Supplied data:
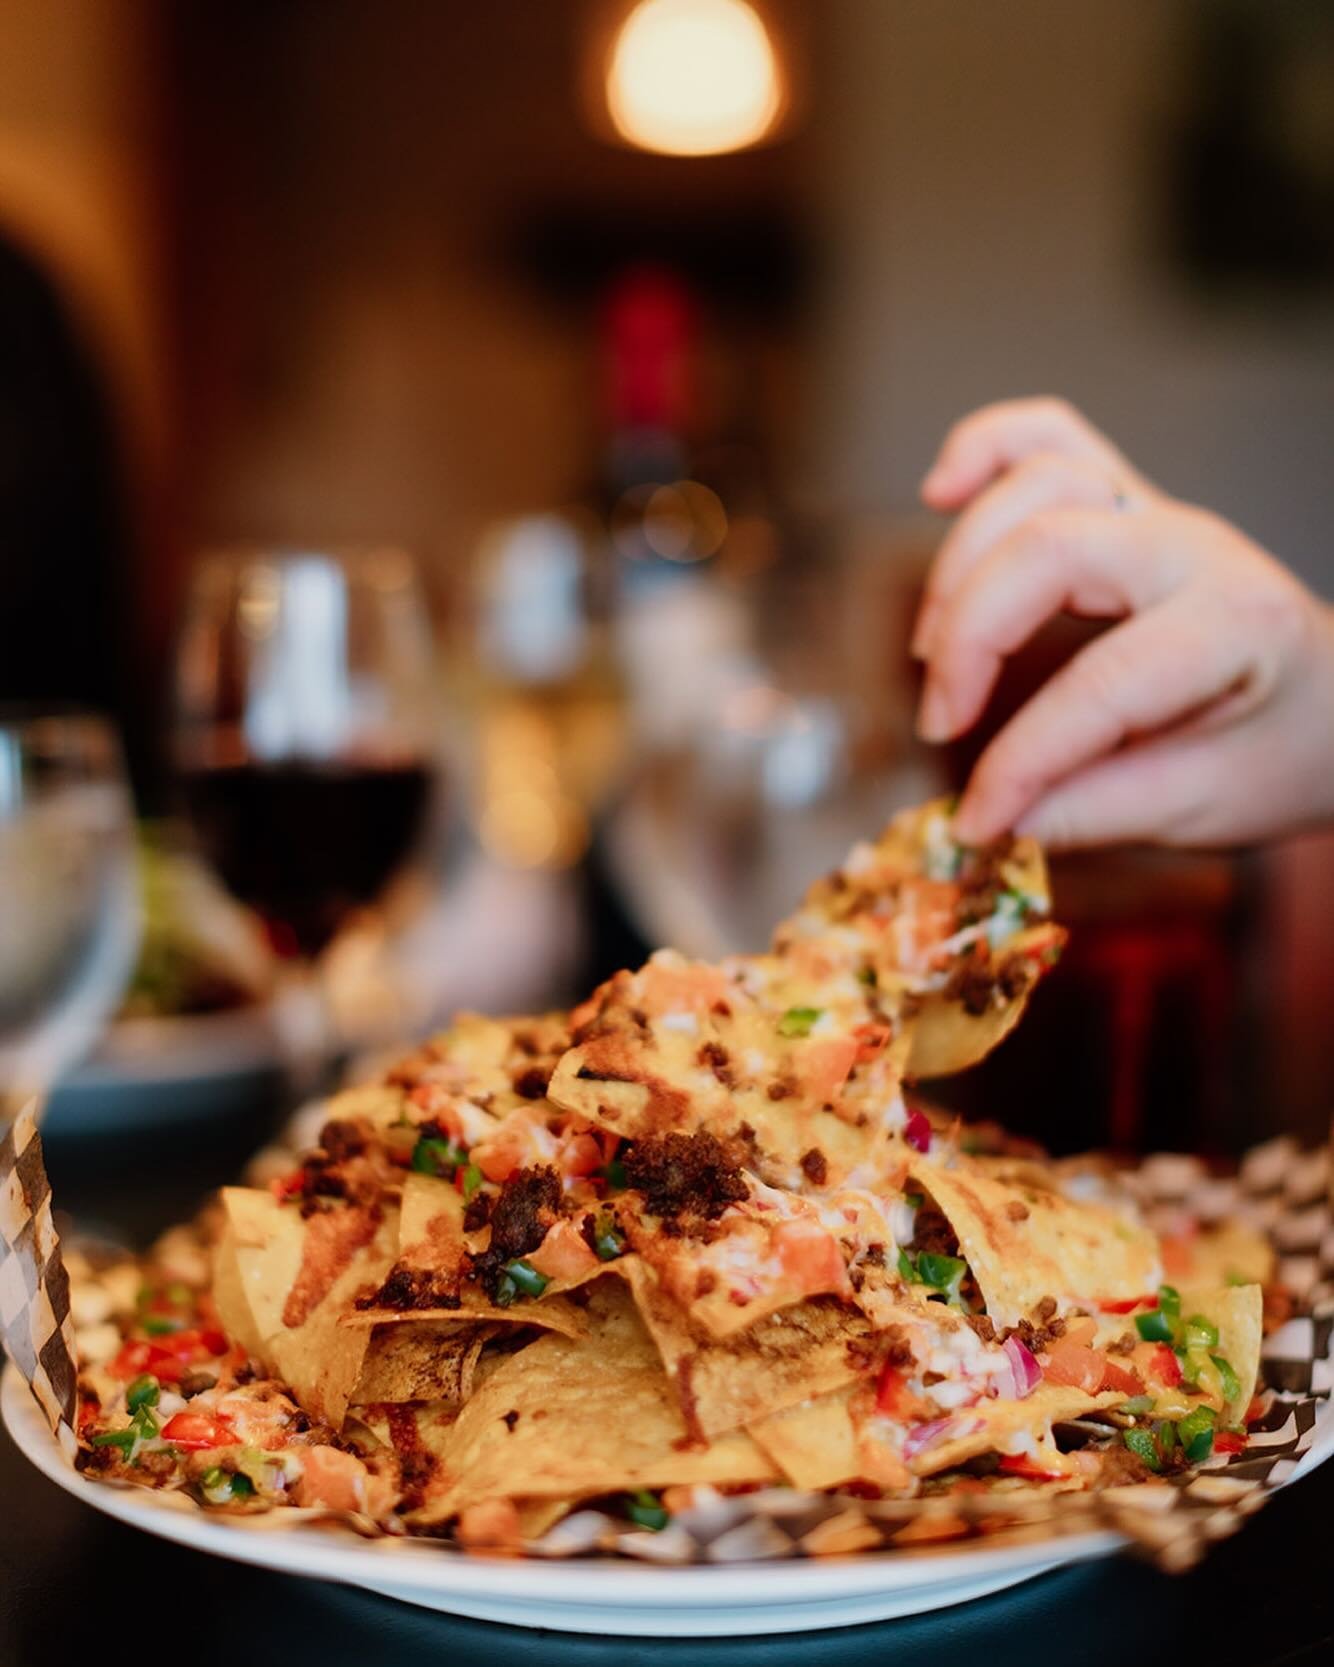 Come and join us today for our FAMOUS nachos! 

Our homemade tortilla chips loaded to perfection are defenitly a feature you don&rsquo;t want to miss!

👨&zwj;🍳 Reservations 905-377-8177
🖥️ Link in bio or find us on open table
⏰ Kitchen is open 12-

Aim of the task:
Where "open" occurs in a line of the data above, count that line. Give the final count and no other words.

Answer:
2